Among candidates, Mr Bondarenko pointed to outgoing deputy premiers Valery Khoroshkovsky and Sergiy Tigipko, deputy presidential administration chief Iryna Akimova and central bank head Sergiy Arbuzov.
“Formation of a new government is likely to be a matter of days,” said Dragon Capital, a Kiev-based investment bank, adding that the central bank governor Sergiy Arbuzov was widely tipped as a likely new PM.
A previous $15bn IMF loan was frozen in 2011 amid lacklustre reform efforts. Last week, Mr Azarov’s government formally asked the IMF to renew talks on a new programme. An IMF mission is scheduled to visit Kiev between December 7-17.
Mr Azarov has staunchly opposed elimination of costly subsidies on household natural gas prices, a key IMF loan condition. “His departure should therefore be positive for the upcoming talks with the Fund and makes a successful outcome more likely,” Dragon Capital added.

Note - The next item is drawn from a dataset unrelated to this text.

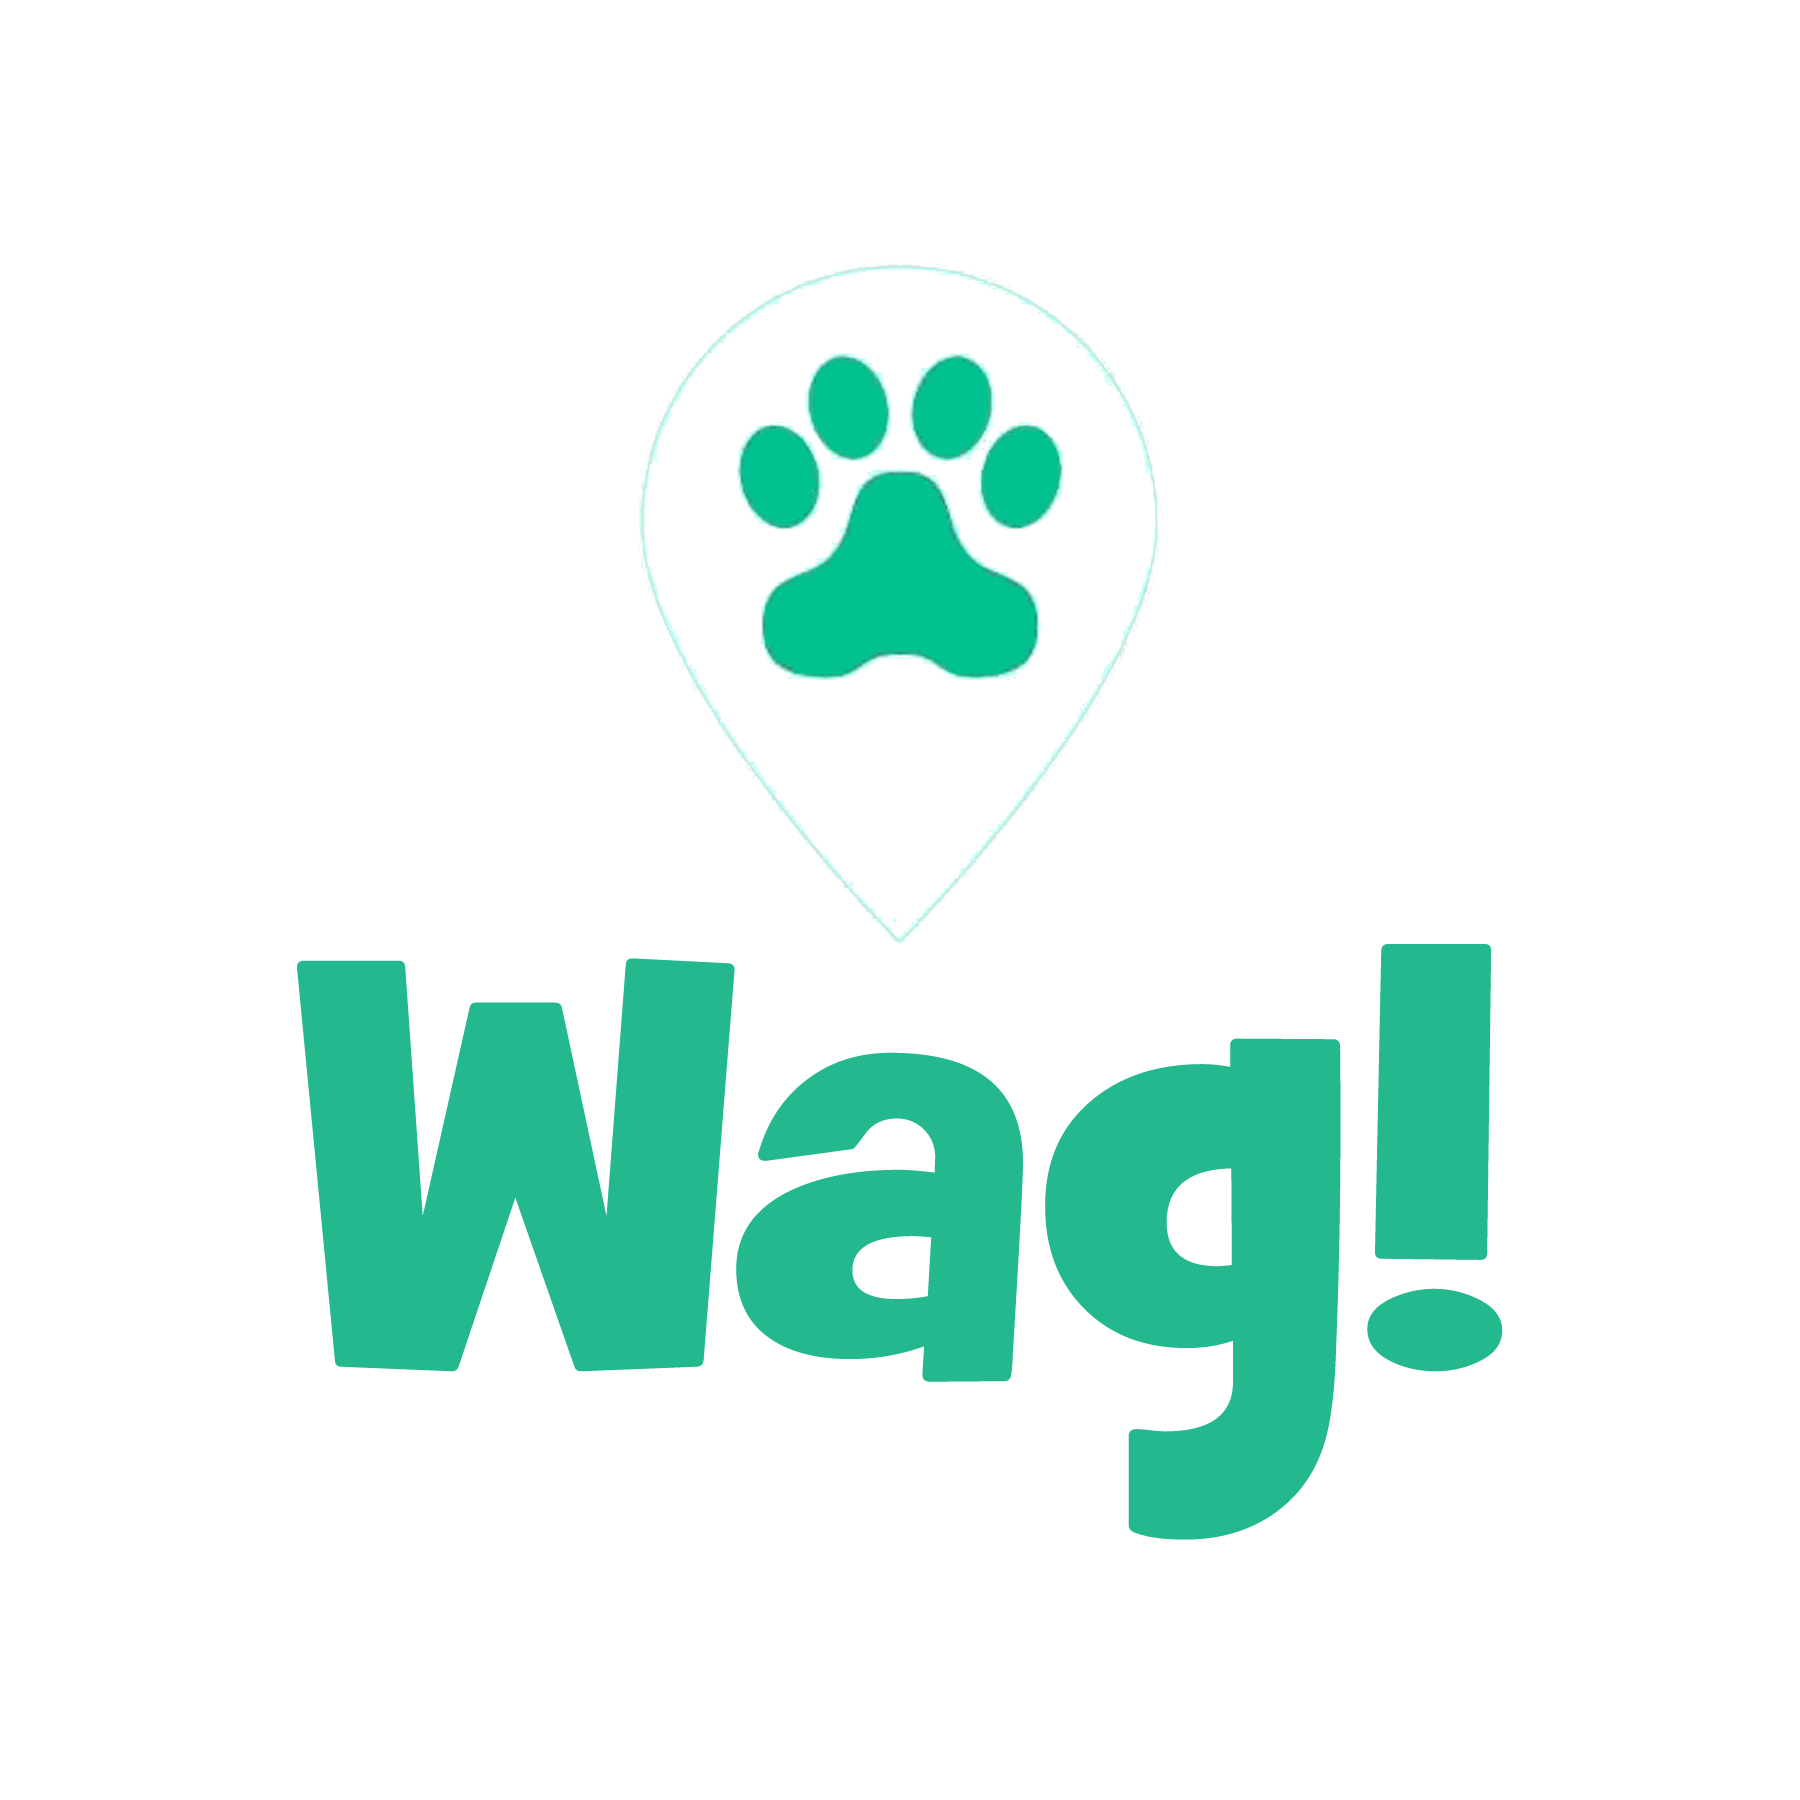 Let's talk Wag!

Turning 65 this month, Mr Azarov opted to serve in parliament in coming years rather than stay on as premier. He was elected to parliament on the ruling Party of Region’s party ticket in an October 28 election that was criticised by an OSCE-led observer mission as a step back from democratic progress made in prior years.
Mr Azarov’s government inherited an economy that was crawling out of a deep 2009 recession during which gross domestic product plunged by 15 per cent. Kiev posted moderate growth in 2010-2011. But the rebound ended this year amid waning demand for some of its biggest exports, foremost steel, and a domestic credit crunch.
Alexander Valchyshen, head of research at Kiev-based Investment Capital Ukraine has said that the country “desperately” needs fresh loans from the IMF as it must roll over about $10bn in external sovereign debt next year, including $5.9bn it owes to the IMF.
Yulia Tymoshenko, opposition leader and previous premier, was jailed under Mr Azarov’s premiership. Compounded with broader concerns about a roll-back in democracy under Mr Yanukovich rule, this soured relations with the EU and US.
Mr Azarov’s government also failed to convince Russia to reduce prices on natural gas imports that Ukraine’s economy depends so heavily upon as a fuel.
“A new government and a new PM will facilitate the process of negotiations with the IMF and pave the way for speedier re-engagement,” investment bank Renaissance Capital said.